Examine the provided URL. If it's a local path, convert it into a tag URL.

Parameters:

Name	Type	Description	Default
`url`	`str`	The URL to validate and potentially convert	required

Returns:

Type	Description
`str`	The validated/converted URL

Raises:

Type	Description
`ValidationError`	If the URL is not a file URL

Source code in src/deriva_ml/core/filespec.py

@field_validator("url")
@classmethod
def validate_file_url(cls, url: str) -> str:
    """Examine the provided URL. If it's a local path, convert it into a tag URL.

    Args:
        url: The URL to validate and potentially convert

    Returns:
        The validated/converted URL

    Raises:
        ValidationError: If the URL is not a file URL
    """
    url_parts = urlparse(url)
    if url_parts.scheme == "tag":
        # Already a tag URL, so just return it.
        return url
    elif (not url_parts.scheme) or url_parts.scheme == "file":
        # There is no scheme part of the URL, or it is a file URL, so it is a local file path.
        # Convert to a tag URL.
        return f"tag://{gethostname()},{date.today()}:file://{url_parts.path}"
    else:
        raise ValueError("url is not a file URL")

FileUploadState

Bases: BaseModel

Tracks the state and result of a file upload operation.

Attributes:

Name	Type	Description
`state`	`UploadState`	Current state of the upload (success, failed, etc.).
`status`	`str`	Detailed status message.
`result`	`Any`	Upload result data, if any.

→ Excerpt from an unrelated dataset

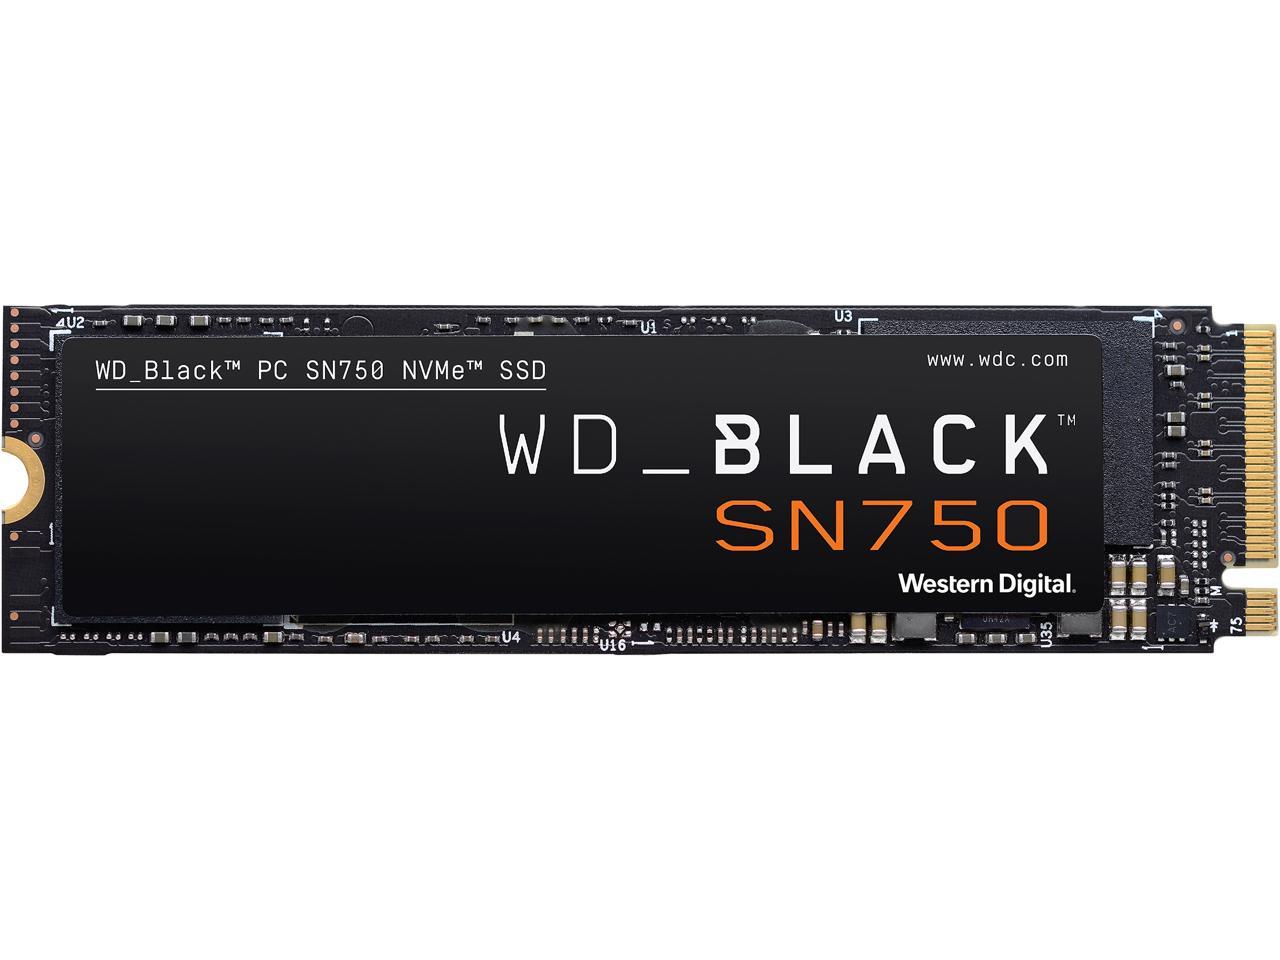 Western Digital WD BLACK SN750 NVMe M.2 2280 1TB SSD - Newegg.com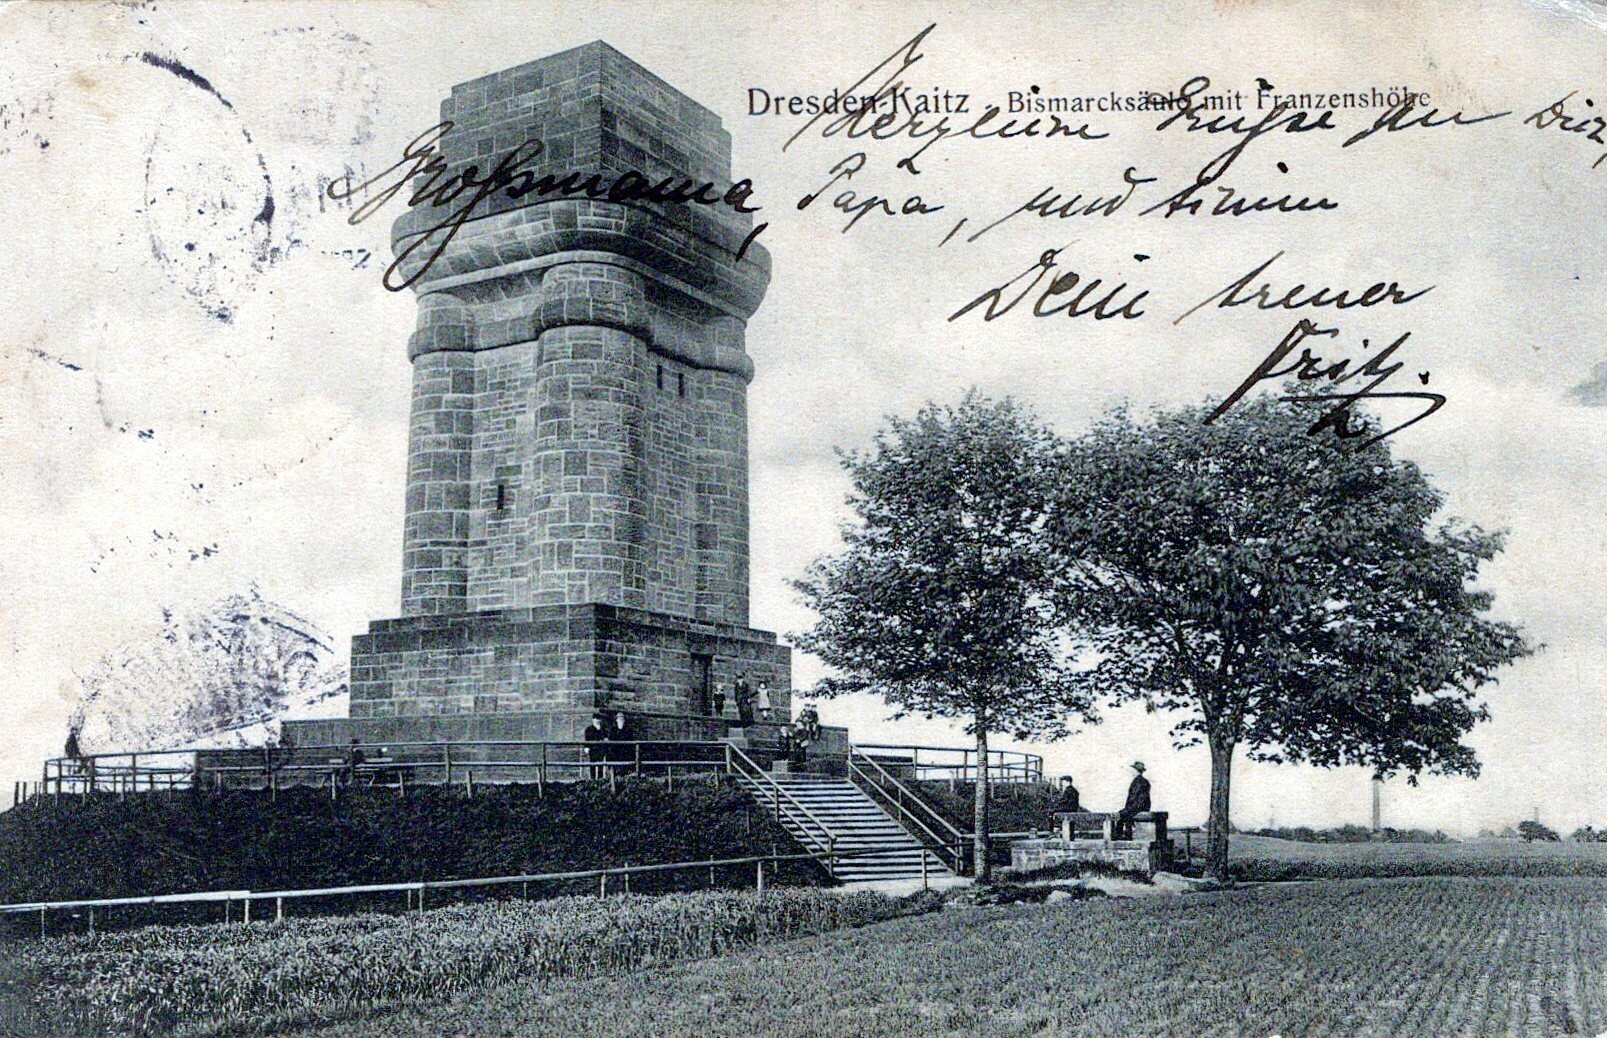 Postkarte: Dresden Kaitz Bismarcksäule (Haus Schminke RR-F)

Source code in src/deriva_ml/core/ermrest.py

class FileUploadState(BaseModel):
    """Tracks the state and result of a file upload operation.

    Attributes:
        state (UploadState): Current state of the upload (success, failed, etc.).
        status (str): Detailed status message.
        result (Any): Upload result data, if any.
    """

    state: UploadState
    status: str
    result: Any

    @computed_field
    @property
    def rid(self) -> RID | None:
        return self.result and self.result["RID"]

MLAsset

Bases: StrEnum

Asset type identifiers.

Defines the types of assets that can be associated with executions.

Attributes:

Name	Type	Description
`execution_metadata`	`str`	Metadata about an execution.
`execution_asset`	`str`	Asset produced by an execution.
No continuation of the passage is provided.